Одну и ту же задачу смены равновесия можно решить и путем войны, и путем чернил. Мертвые толпы (числа войны) во втором случае не нужны.
Глашатай*
Времени до сих пор приписывалась печальная задача быть поваренком на службе у пространства, таинственно шмыгать с заднего крыльца уравнений, появляться на мгновение и вновь исчезать. Никто не разгадал в нем его божественного задания быть небом, приказывающим вещам, приказывать событиям, а не выполнять шепоты с земли бытия. Никто не увидел в нем те облака, где прячутся боги древних, если разум допускает их существование.
Исследовать время – это значит снять цепи с божества, поскольку оно существует.
Не события управляют временем, а время ими.
Похожие на письмо Ислама, законы времени не напрасно напоминают нам учебник алгебры.
Странно думать, что народы бесчисленными государственными переворотами только проходили несколько правил алгебры. Человечество кровавыми войнами, почерком меча войн, как ученик, просто проходило, отгибало углы страниц Книги чисел. Клокотанье столетних страстей, величавая война, уносящая столько жизней, – часто просто значит перемену знака в уравнении.
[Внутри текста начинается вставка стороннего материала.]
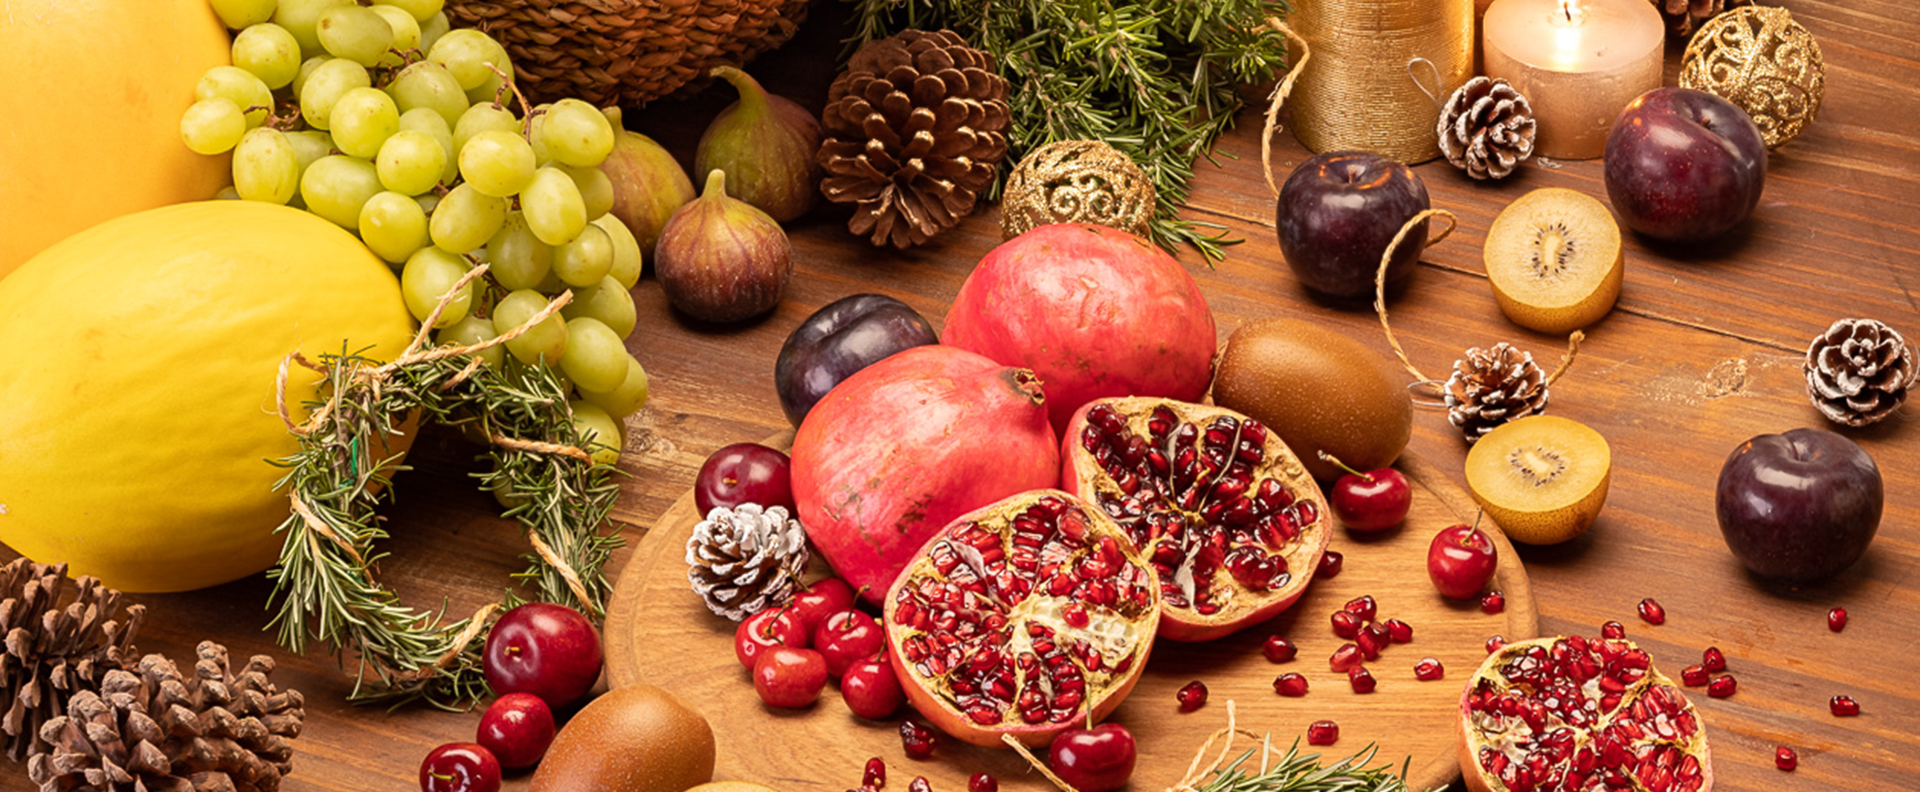 Dica: Saiba como decorar mesa de Natal com frutas de época | Blog |  Obahortifruti

Мы должны уметь читать знаки, начертанные на страницах прошлого, чтобы освободиться от роковой черты между прошлым и будущим, как матери рабств, глупой веревки между «богами» и людьми. Мы должны знать, что высота отвлечения расширяет условный круг настоящего времени, этот рабский призрак человеческого духа, и под грозные завывания трубы: «несть времени!» – должны подняться на такую высоту, чтобы кругозор настоящего обладал лучом в сотни лет на прошлое и будущее пространства.
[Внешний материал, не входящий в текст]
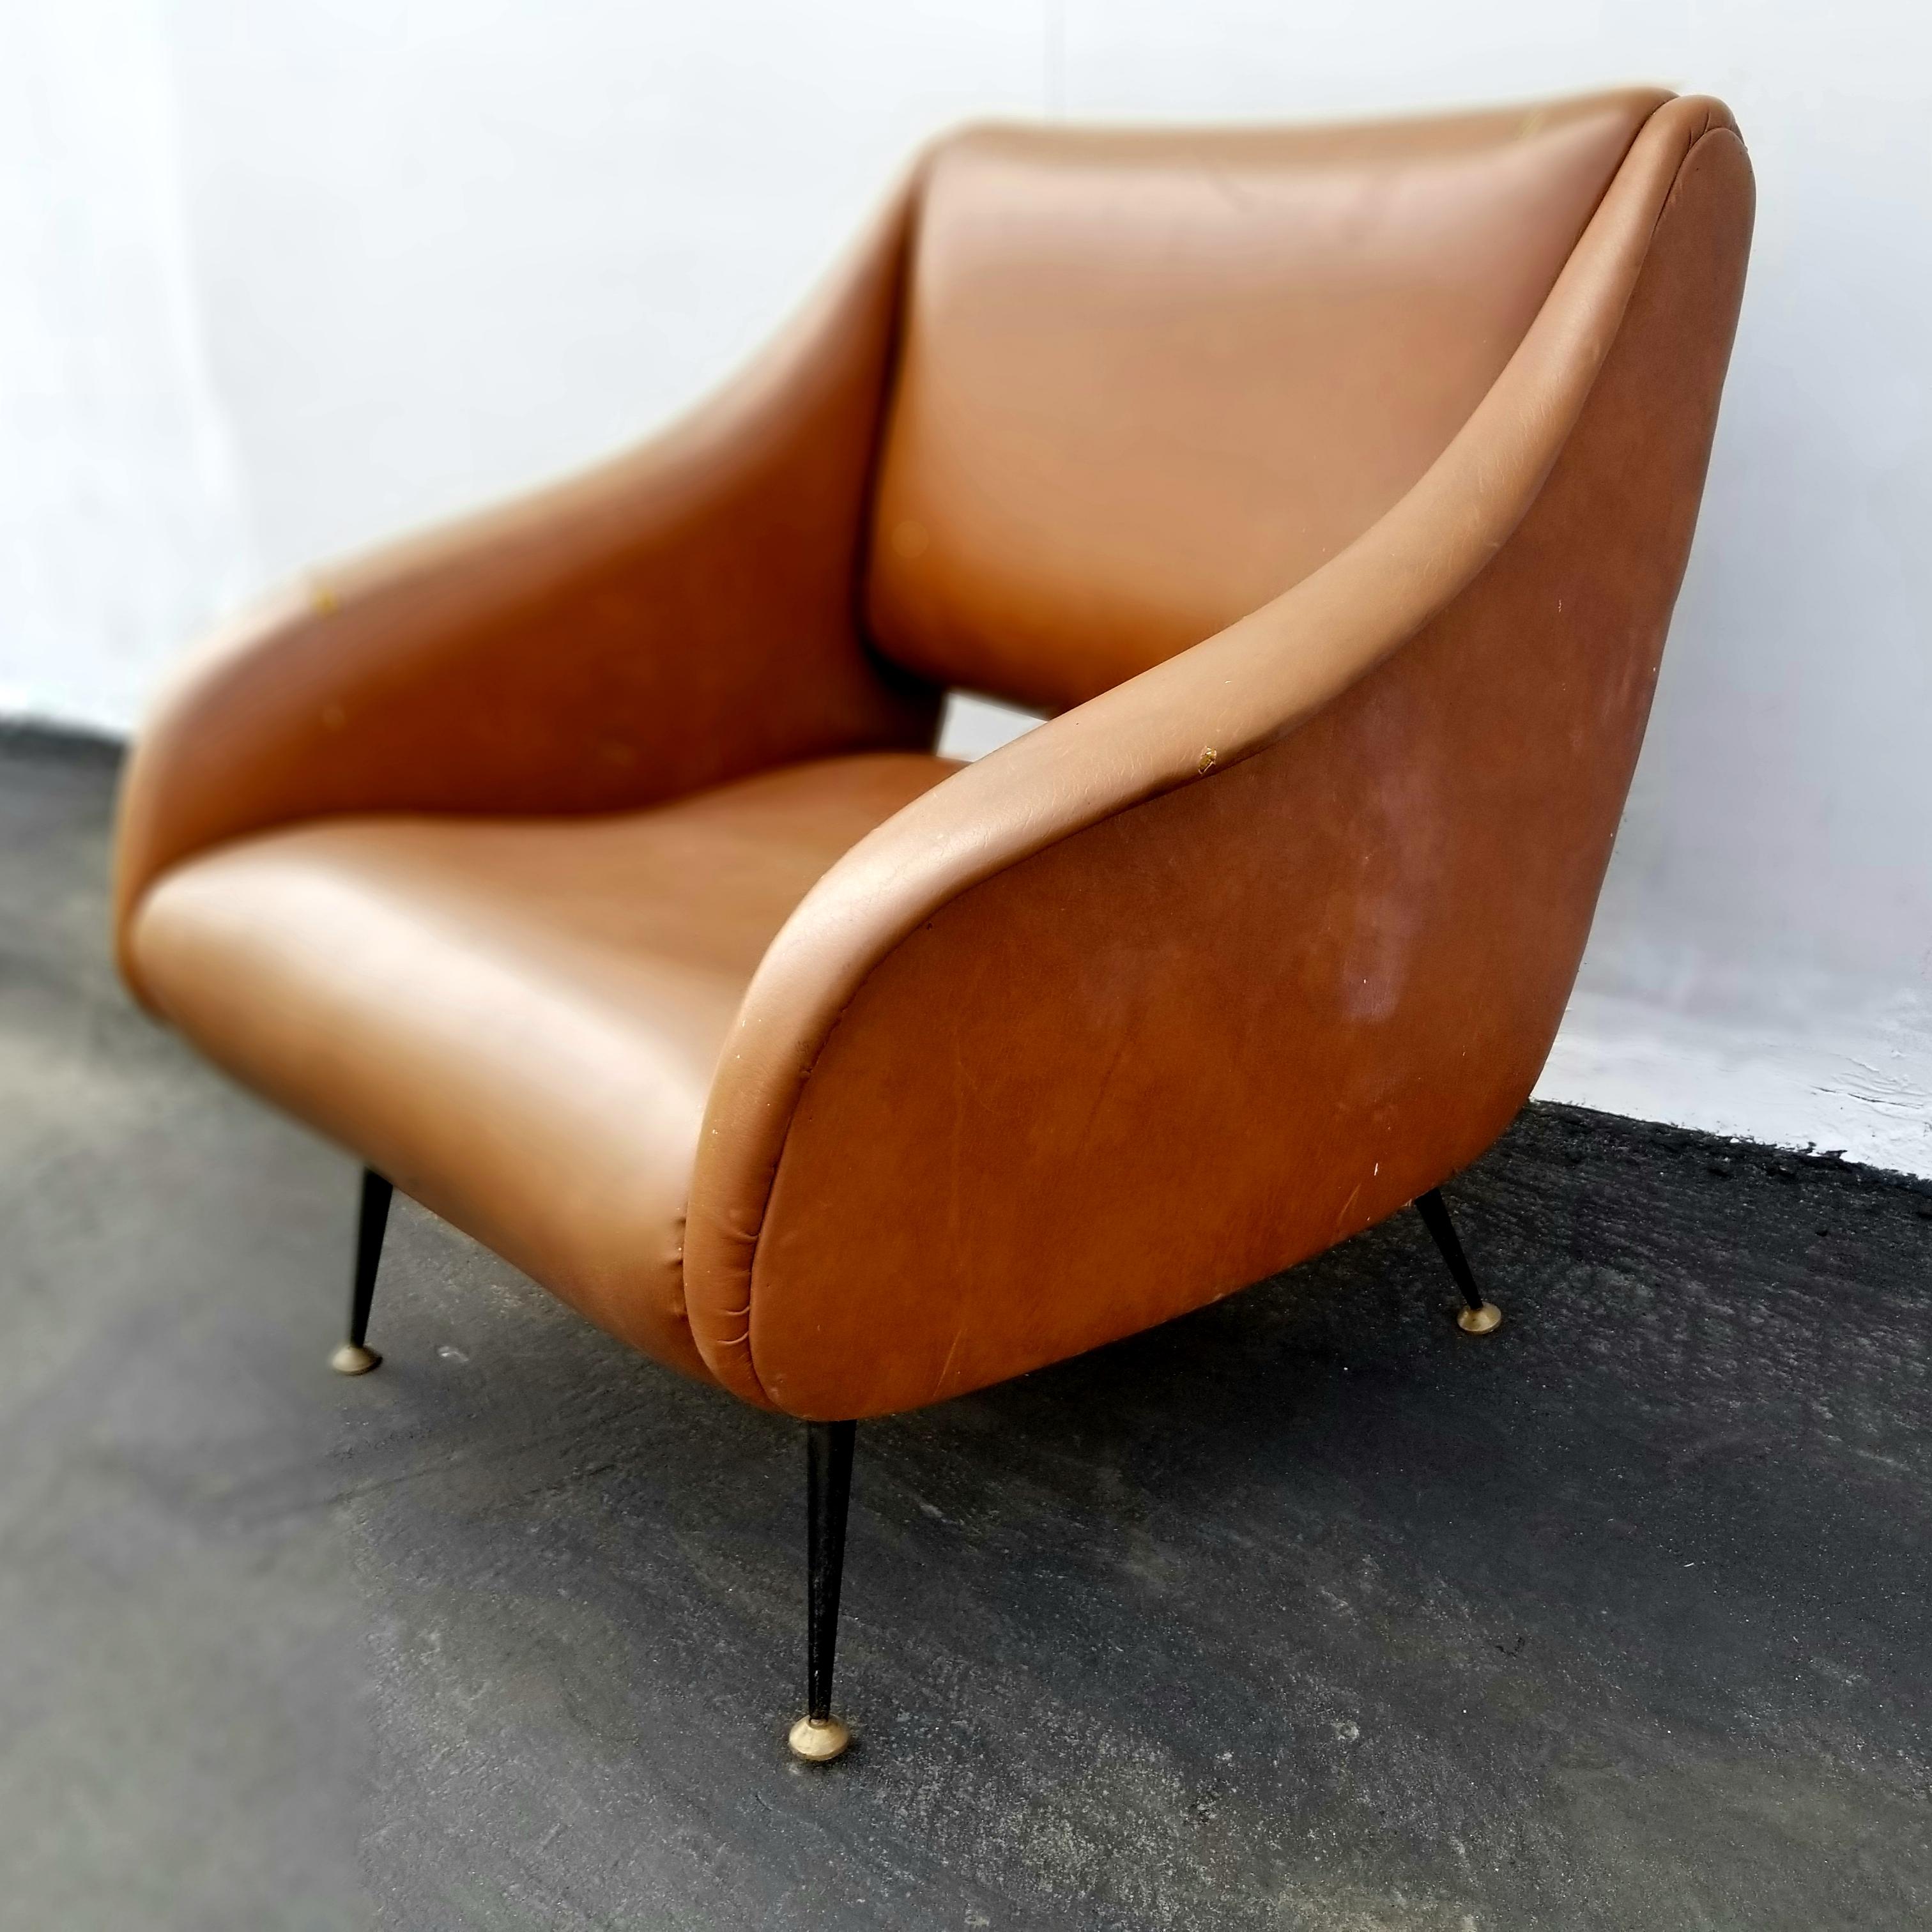 La chaise italienne Gigi Radice est recouverte de cuir et de bouclette.  La photo originale montre l'aspect de la chaise avant le rembourrage.

Высота мысли пересекает под прямым углом наше времяощущение, и если высота полета беркута создает кругозор в десятки верст, для в прахе ползающего дождевого червяка сотни верст мира орла обращаются по существу в точку.
Нужно бояться быть милым земляным червяком в вопросах о времени, помня, что рост в высоту обращает и прошлое и будущее время в одну страну настоящего.
Ставя первые сваи нашего, прямоугольного по отношению к настоящему, отвесного мышления, нужно помнить, что время так же относится к вышине и высокому, как глагол «стремиться» (стремнина) к тишине, к «стихнуть» и тискам. Кто в тисках, тот не может стремиться. Это обратные понятия. Отсутствие вышины обращает в ничто круг настоящего и делает из него точку – удел червяка; доступная уже нам высота обращает в настоящее сотни лет прошлого и будущего. Это не шутка!